3. Modifications

Funnel-Transformer compresses the output of a transformer encoder layer via pooling before it is passed to the next layer.
Encoder - The standard transformer uses the same sequence length for all layers. Funnel-Transformer changes this by placing a pooling layer between the transformer layers to reduce the sequence length. Funnel-Transformer uses mean pooling with stride and window size both set to two.
Decoder - To support token-level prediction tasks like machine translation, Funnel-Transformer has an optional decoder that upsamples the compressed encoder output to a full sequence length
When Funnel-Transformer decreases the sequence length and adds more layers, it per- forms better than the standard transformer on text classification. When the sequence length is decreases but the depth is not increased, performance decreases on GLUE text classification datasets.

Residual Attention Layer Transformer adds residual scores to the raw attention logits of all attention heads from the previous layer of a transformer. $$Res.

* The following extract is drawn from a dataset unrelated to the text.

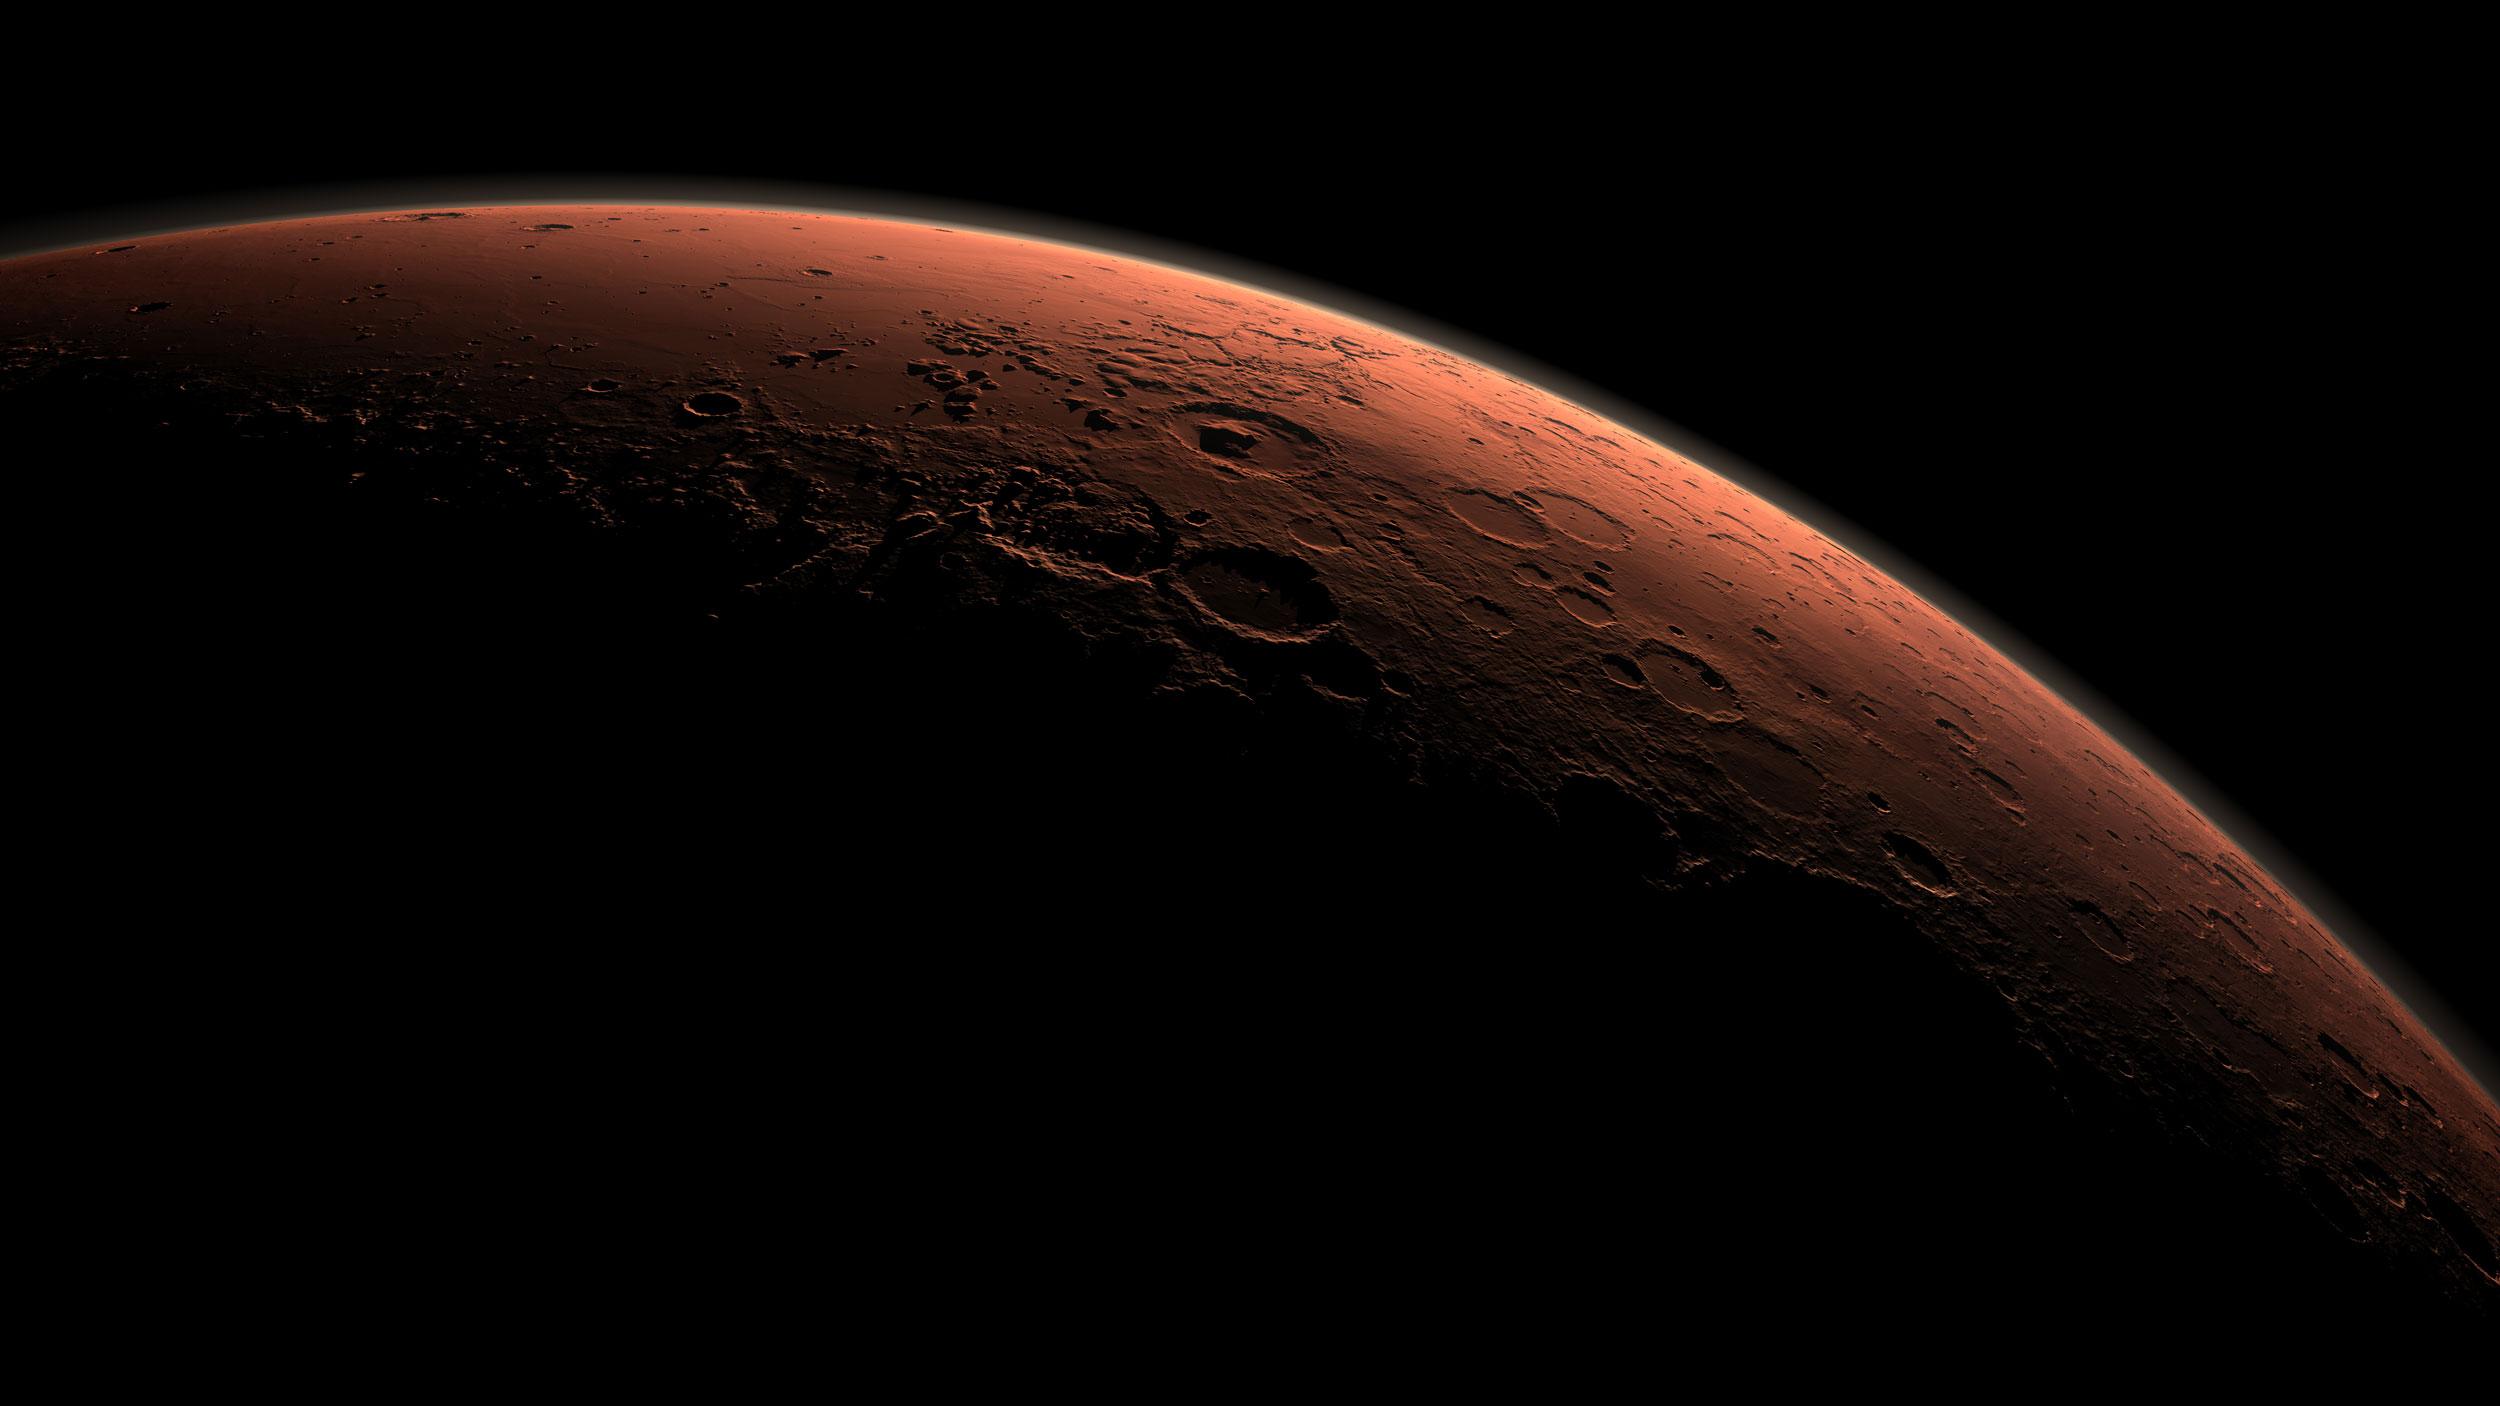 mars hd images curiosity

Attn (Q, K, V, Prev) = Softmax (\frac{QK^T}{\sqrt d} + Prev) V $$ where Prev is the attention logits from the previous transformer layer.
This method can be applied to other transformer architectures, including to decoder layers.
RealFormer generally performs better than the stan- dard transformer architecture, including its use in BERT, all without increasing the number of model parameters.

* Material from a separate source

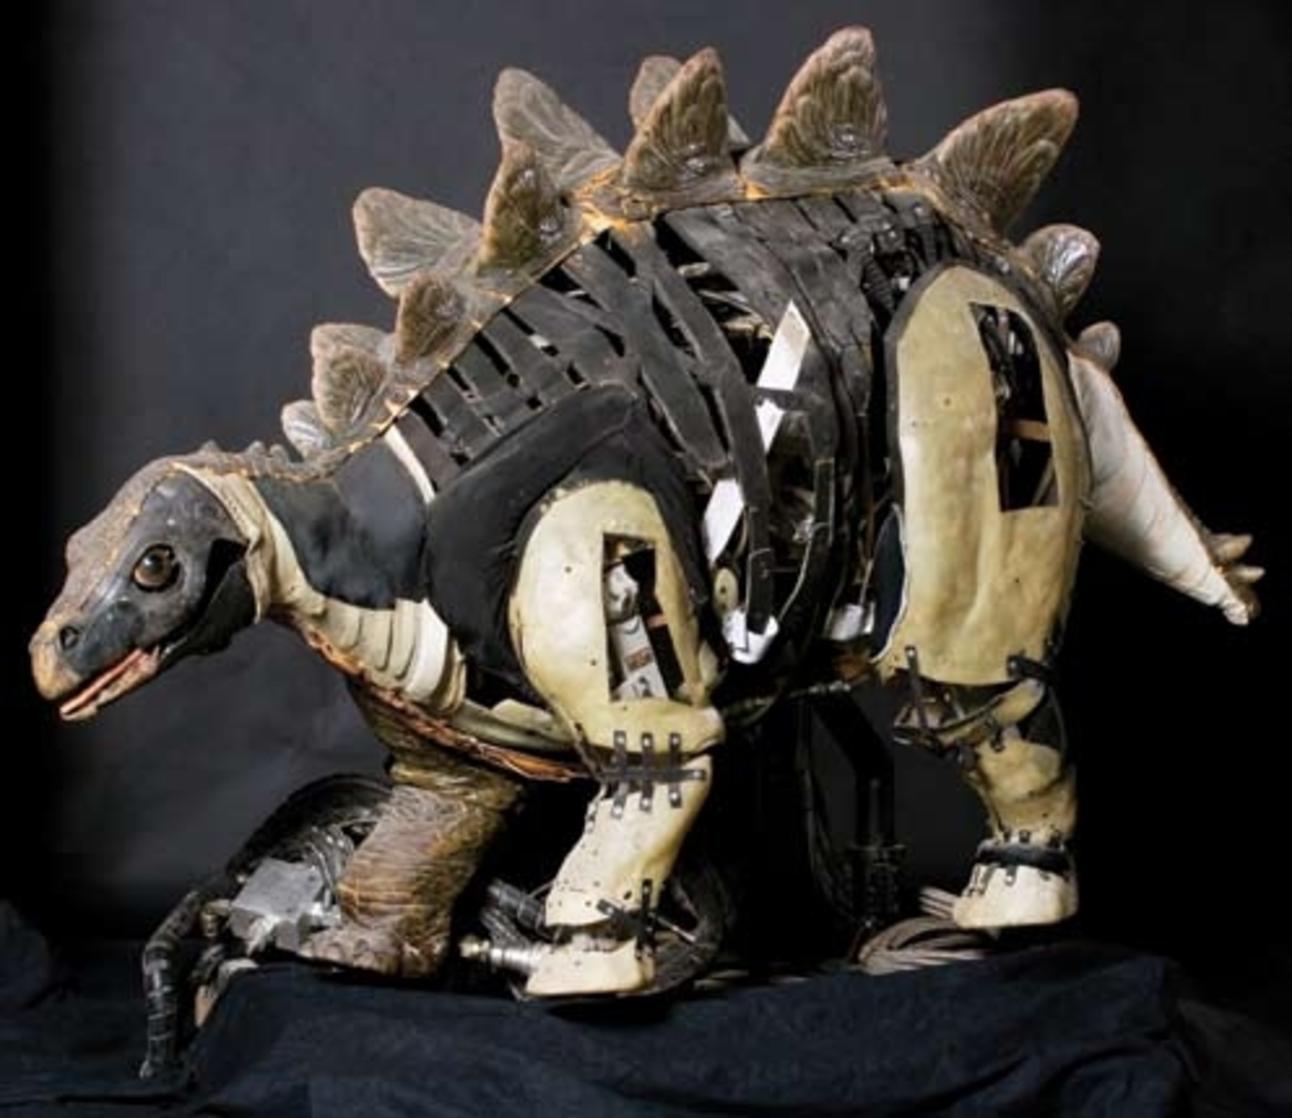 Jurassic Park hydraulic baby Stegosaurus

Transformer-XL was introduced because the standard transformer architecture’s fixed-width context window prevents it from learning the model dependencies that lie outside of its fixed window.
Transformer-XL can handle dependencies 450% longer than the standard transformer and inference is ∼1800 times faster than the Transformer.
Segment level recurrence-
This works by using the previous segment of text as additional context when processing the current segment of text.
In the standard transformer, the nth transformer layer takes the out- put of the previous layer (n − 1) as input $$ h_t^n = Transformer(h_t^{n−1})$$
When computing the output of the $n^{th}$ transformer layer for the current segment $X_{t+1}$, we have a contribution from $h_t^{n−1}$, $$ h_{t+1}^n = TransformerXL(h_{t+1}^{n−1}, h_t^{n−1})$$
This modified attention incorporates information from the previous input sequence to compute a representation of the current input sequence.
The transformer output for the current sequence depends on the transformer output for the previous sequence. The transformer output for the previous sequence depends on the sequence before that one and on the previous transformer layer.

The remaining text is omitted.